Ingredients:
- 1 cup (200g) granulated sugar
- 2 tbsp fresh orange zest
- 2 cups (250g) all-purpose flour
- 1.5 tsp baking powder
- 0.5 tsp baking soda
- 0.5 tsp fine sea salt
- 1 cup (240ml) full-fat buttermilk, room temperature
- 0.5 cup (115g) unsalted butter, melted and cooled
- 1 large egg, room temperature
- 0.25 cup (60ml) freshly squeezed orange juice
- 1 tsp pure vanilla extract
- 1.5 cups (150g) fresh or frozen cranberries
- 1 tbsp all-purpose flour (for coating berries)
- 1 cup (120g) powdered sugar
- 2 tbsp fresh orange juice (for glaze)
Instructions:
- Heat your oven to 350°F and grease a 9x5 loaf pan, lining it with parchment paper for easy lifting later.
- Combine 1 cup granulated sugar and 2 tbsp orange zest in your large bowl. Use your fingertips to rub the zest into the sugar until it looks like damp orange sand and smells incredibly fragrant.
- Whisk 2 cups flour, baking powder, baking soda, and sea salt into the scented sugar until well combined.

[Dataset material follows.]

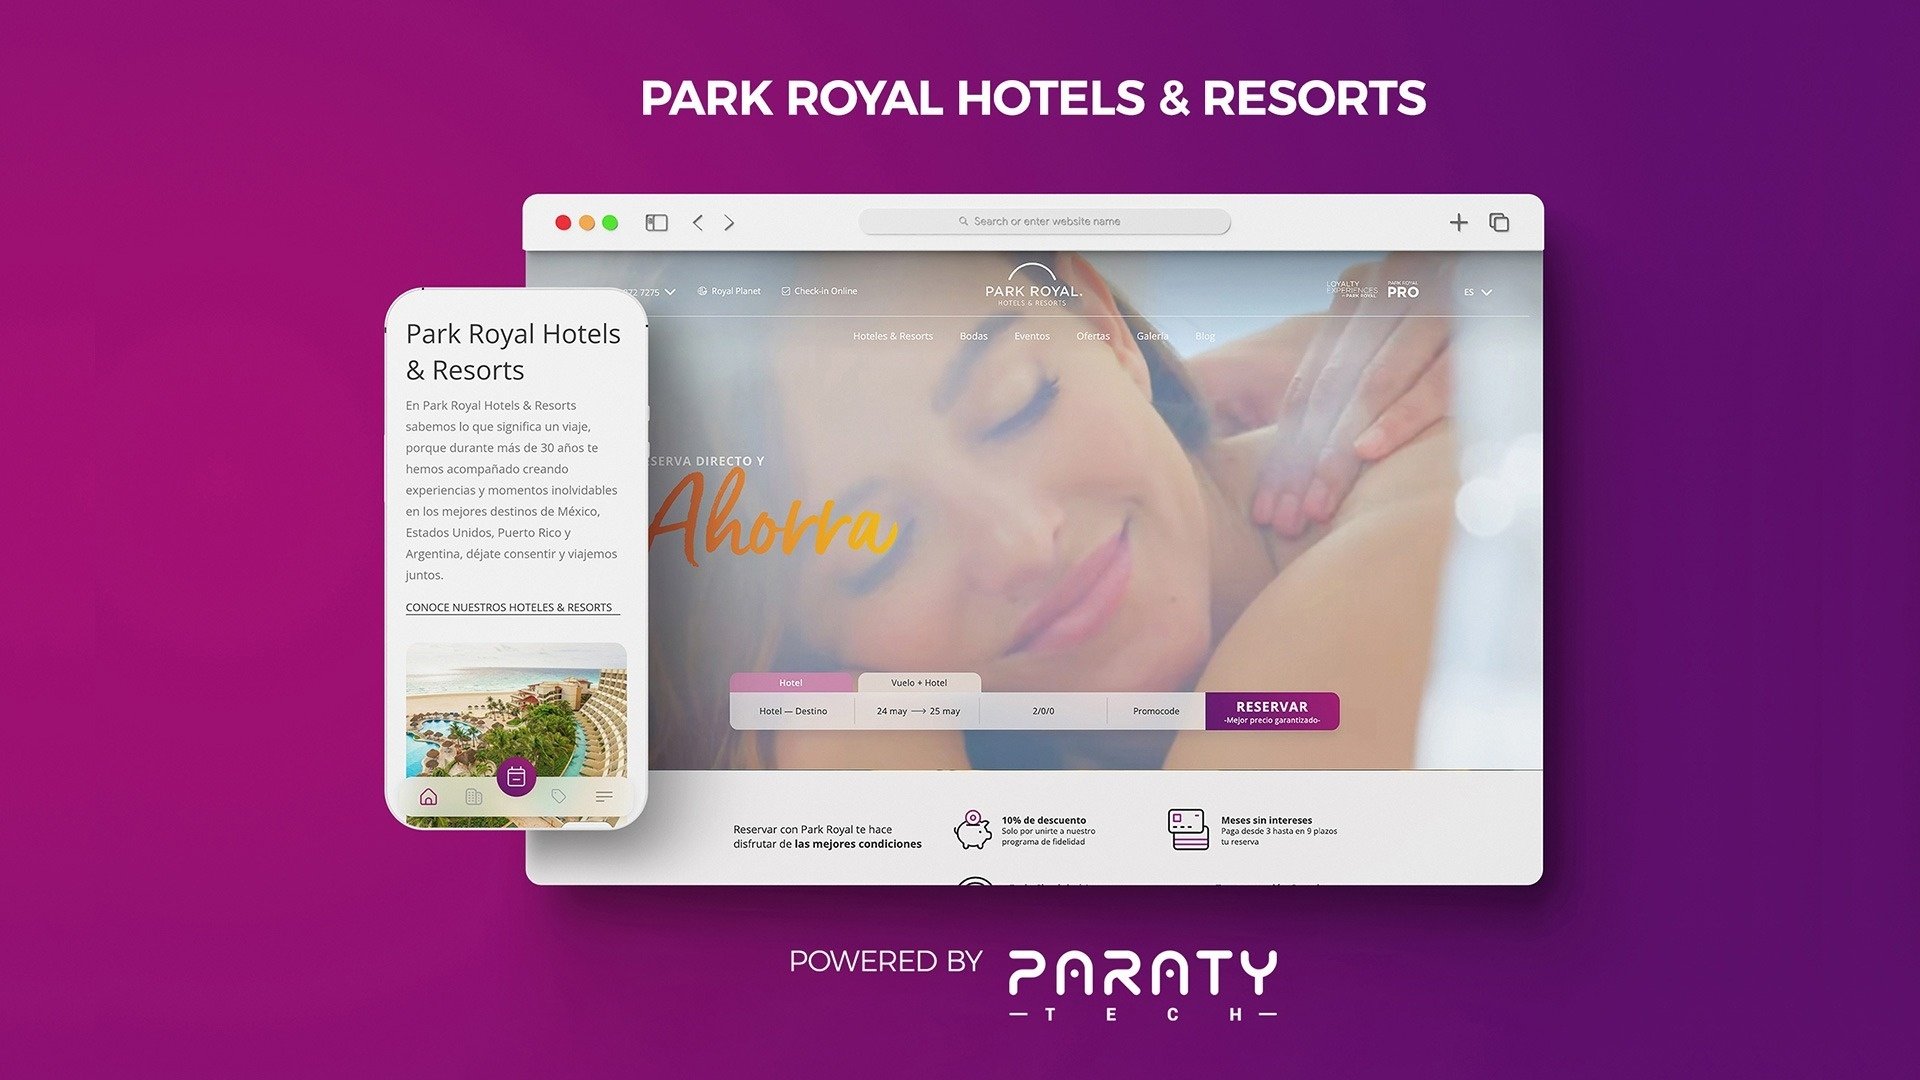 Park Royal Hotels & Resorts chooses Paraty Tech to boost its direct channel

- In your medium bowl, whisk together the room temperature buttermilk, melted and cooled butter, egg, 0.25 cup orange juice, and vanilla until the mixture is silky and pale yellow.
- Pour the wet ingredients into the dry. Use your spatula to gently fold them together until just a few streaks of flour remain. Note: Overmixing will make the bread tough like a biscuit.
- Toss 1.5 cups cranberries with the remaining 1 tbsp flour in a small bowl until they are evenly white and dusty.
- Gently fold the floured cranberries into the batter. The batter will be thick and heavy.
- Spread the batter into the prepared pan. Bake for 1 hours (60 minutes) until the top is golden brown and a skewer comes out clean.
- Let the bread rest in the pan for 15 minutes, then lift it out onto a wire rack until it is completely cool to the touch.
- Whisk 1 cup powdered sugar with 2 tbsp orange juice. Drizzle over the cooled loaf until it drips down the sides in thick, white ribbons.